Founder company of ‘big tobacco’, Phillip Morris are keen on the new treaty but do not see it as a “silver bullet for resolving this serious issue. Preventive measures not covered under today’s agreement, such as regulating the essential materials used to produce tobacco products, should be considered by governments in the national implementation of this protocol.”
Phillip Morris are well motivated to eradicate this trade because, while they have 7 of the top-selling 15 brands, they have calculated that the combined output of the ‘black’ tobacco suppliers makes that sector the third largest supplier overall.
The federal government is also highly motivated to eradicate this trade, not just because of foregone tax revenue but also because the money from the trade adds to the funds of criminal and terrorist organisations. So it is worldwide, that representatives from 170 nations, signed on to the FCTC treaty, which for the first time focuses on the supply pipeline rather than on demand for the contraband tobacco.
The head of the anti-tobacco efforts at the American based ‘Corporate Accountability International’ believes that this week’s protocol will help cut down tobacco use.

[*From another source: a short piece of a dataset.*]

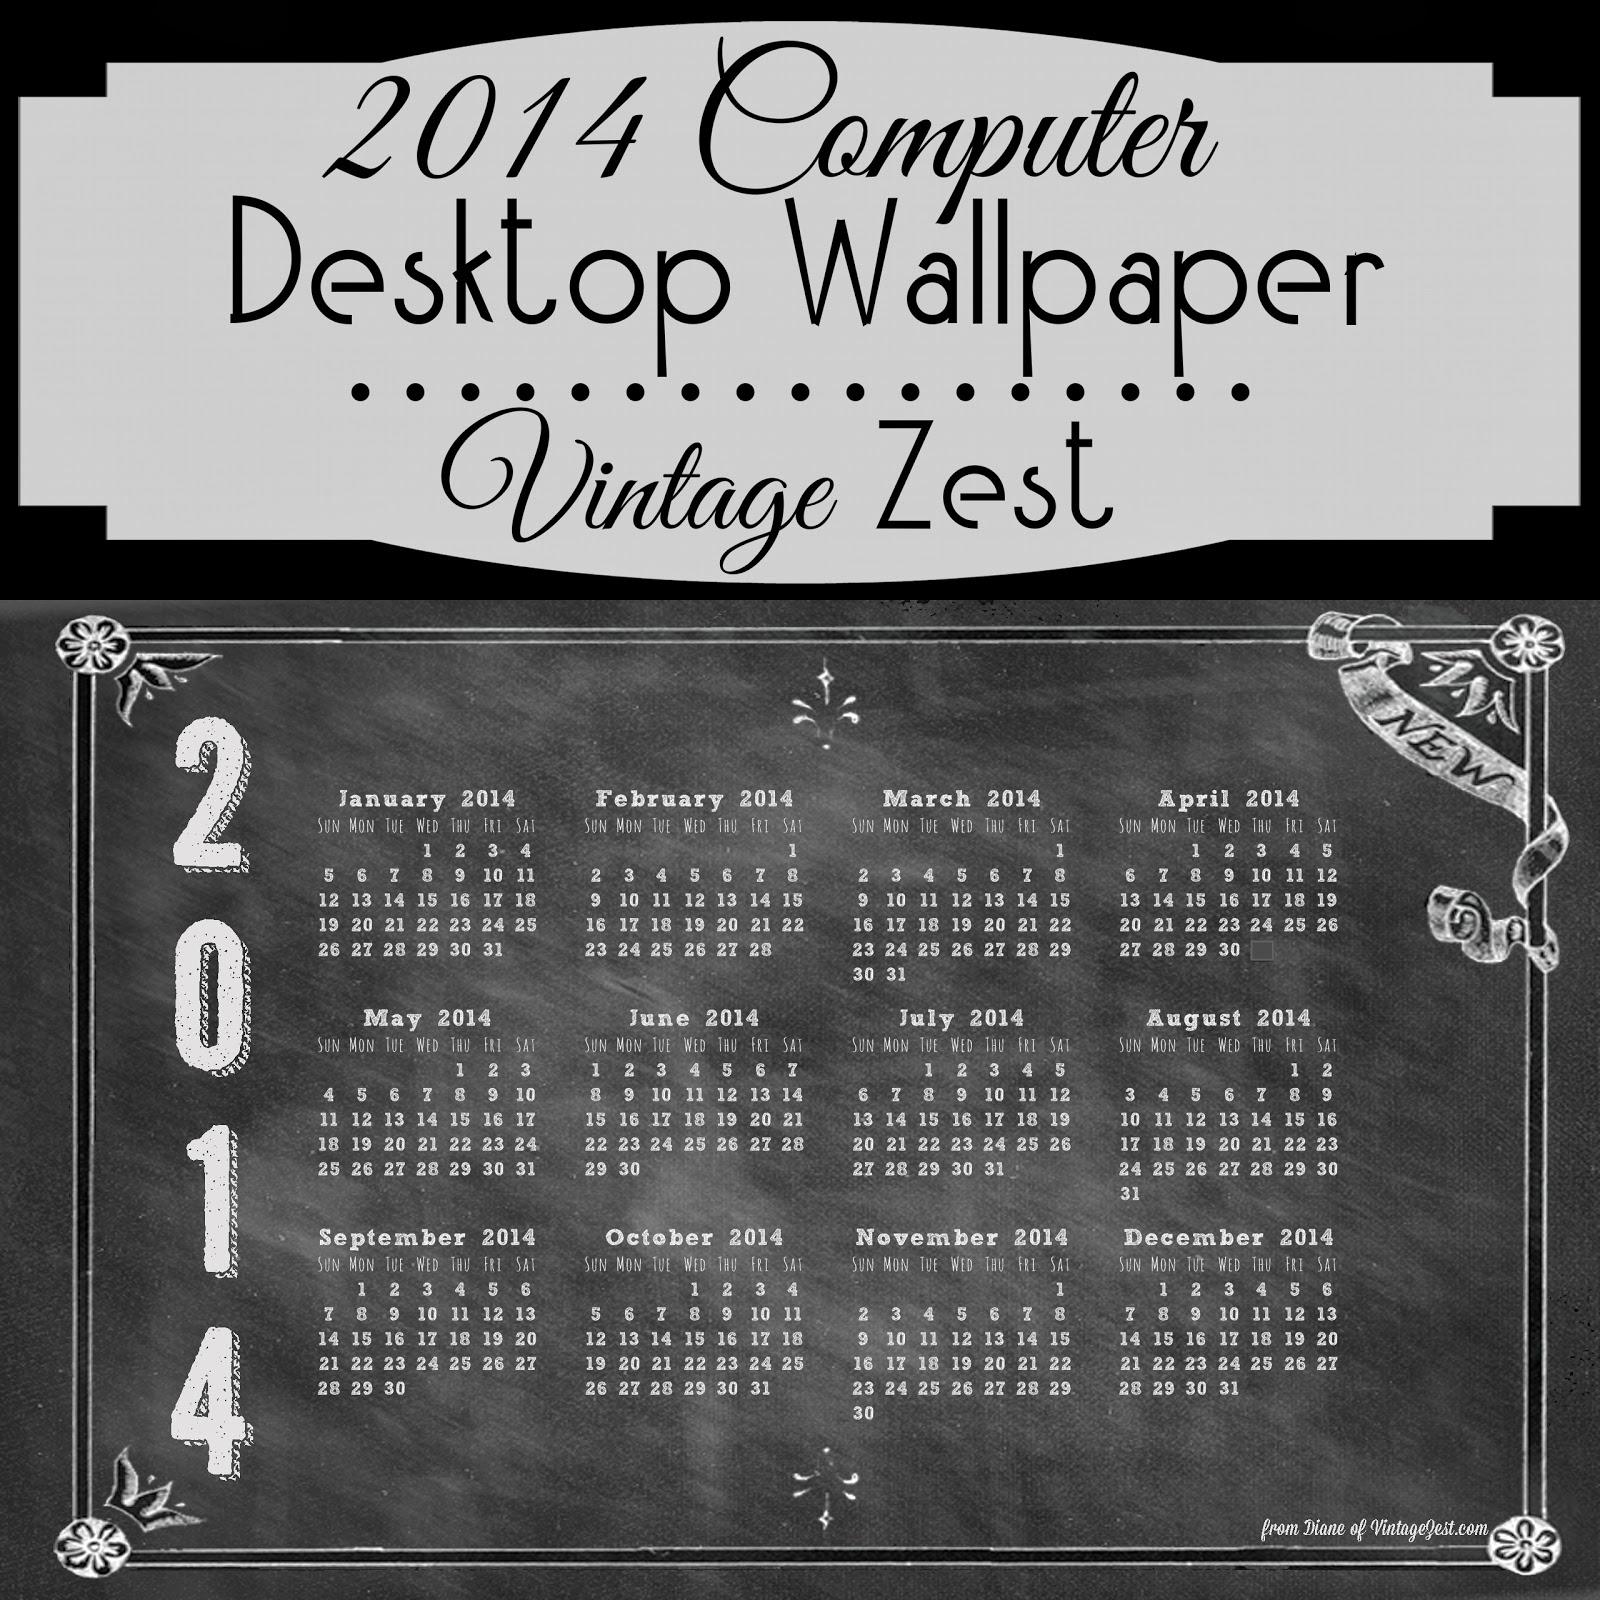 Desktop Wallpaper January 2014: 2014 Computer Desktop Wallpaper Download

He says in a statement. “This is a huge victory for public health. The illicit trade in tobacco flood’s markets with cheap unregulated tobacco products which make them more widely available to children and the poor.”
Before it can be put into action the treaty has to be ratified by over forty countries and this will take several years. Even then the effectiveness of the measure will not become obvious, if at all for another decade after that.